Some, some very well-known vineyards in that part.

[00:41:19] Drew Thomas Hendricks: Oh, that’s, that’s gonna be fun.

[00:41:21] Alex Fullerton: Some delicious very opposite of the wine we’re used to making.

[00:41:25] Drew Thomas Hendricks: This is, this is fantastic. Is there anything we haven’t talked about that you’d like to bring up or give a shout-out to anyone?

[00:41:31] Alex Fullerton: I’ll shout it out to my mom, Suzanne.

[00:41:36] Eric Fullerton: I would’ve done the same because she’s the one that keeps us all honest and takes care of a lot of the whole financial part and some of the operational things with shipping, et cetera. And I would say this year when we hardly could hire anybody for the tasting room, she basically put everything on her back and helped us through the hiring difficulties and ran everything on her own.

So without her we would’ve probably not made it through the end of the pandemic.

[00:42:09] Bianca Harmon: That’s amazing.

[00:42:11] Drew Thomas Hendricks: That’s a great shout-out. That is a great shout-out.

[00:42:14] Bianca Harmon: These are great wines. Thank you guys.

[00:42:16] Drew Thomas Hendricks: So Alex and Eric, where can people find out about more about you and Fullerton Wines?

[00:42:21] Eric Fullerton: fullertonwines.com.

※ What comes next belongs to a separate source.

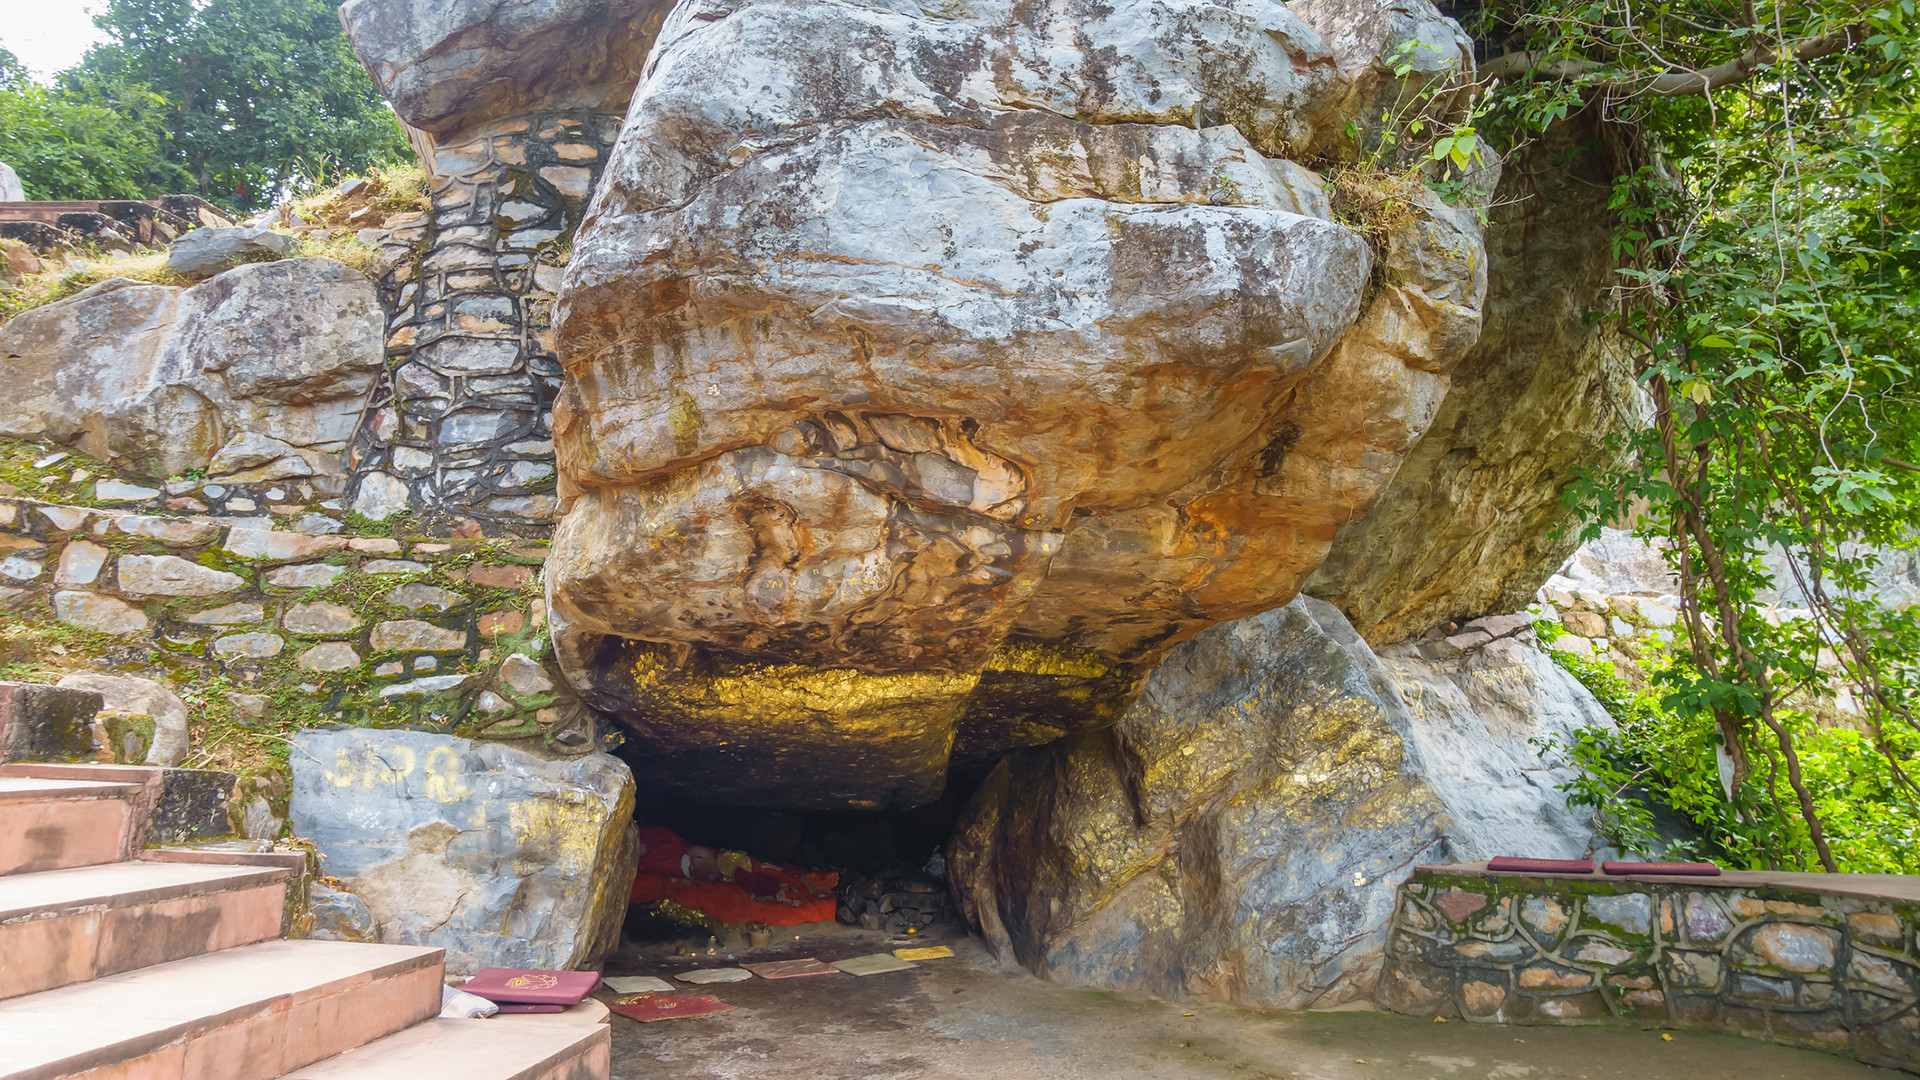 Höhle auf dem Griddhakuta-Berg in der Nähe von Rajgir in Indien.
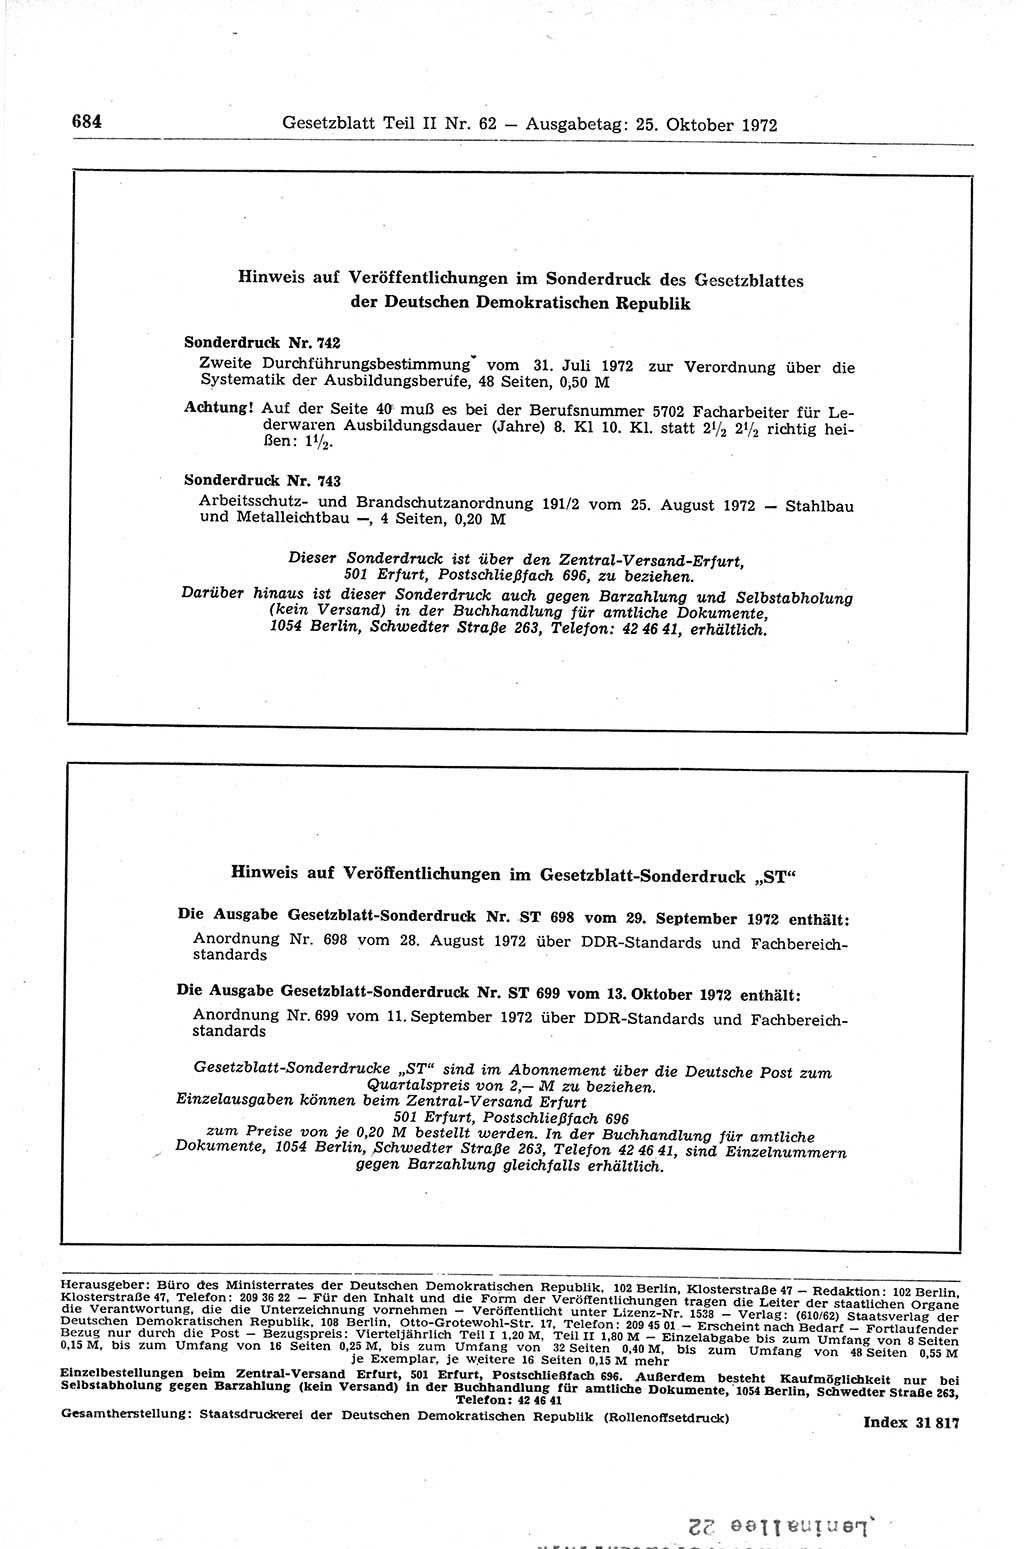 Gesetzblatt (GBl.) der Deutschen Demokratischen Republik (DDR) Teil ⅠⅠ 1972, Seite 684 (GBl. DDR ⅠⅠ 1972, S. 684)

And then visit us at our tasting room in Portland. And then soon in January come down to the winery and try out our wines there and probably get a barrel tasting or two from Alex and his crew.

[00:42:35] Drew Thomas Hendricks: Oh, absolutely. Oh, that sounds fantastic. I might be up in a few months for the Oregon symposium.

[00:42:41] Alex Fullerton: Oh, nice.

[00:42:42] Eric Fullerton: Well, I think Alex is gonna be there.

[00:42:44] Drew Thomas Hendricks: Are you? I may see you. I haven’t and they actually committed yet, but I tend to go every year and it’s been a few years since I’ve been.

[00:42:49] Alex Fullerton: Well, if you do let me know.

[00:42:50] Drew Thomas Hendricks: Absolutely.

[00:42:52] Alex Fullerton: And we can pour you some more wine.

[00:42:54] Drew Thomas Hendricks: Awesome. Well, thank you.

[00:42:55] Bianca Harmon: Yeah. I wish I would’ve come by there when I was in Portland. Wasn’t thinking.

[00:42:58] Eric Fullerton: Next time.

[00:42:58] Alex Fullerton: You’ll have to come back.

[00:42:59] Eric Fullerton: Next time.

[00:43:00] Bianca Harmon: I will.

[00:43:00] Alex Fullerton: But plan it for cool temperatures.

[00:43:02] Bianca Harmon: Okay.

[00:43:02] Alex Fullerton: Maybe not as cool as they are right now. They might get little whispers of snow here this week.

[00:43:08] Drew Thomas Hendricks: Oh, right. Oh geez, already. Wow. Oh guys, thank you so much. You have a great rest your day.

[00:43:12] Bianca Harmon: Thank you.

[00:43:12] Eric Fullerton: Well we thank you for having us. Thanks a lot.

[00:43:15] Alex Fullerton: Cheers.

[00:43:16] Eric Fullerton: Thank you.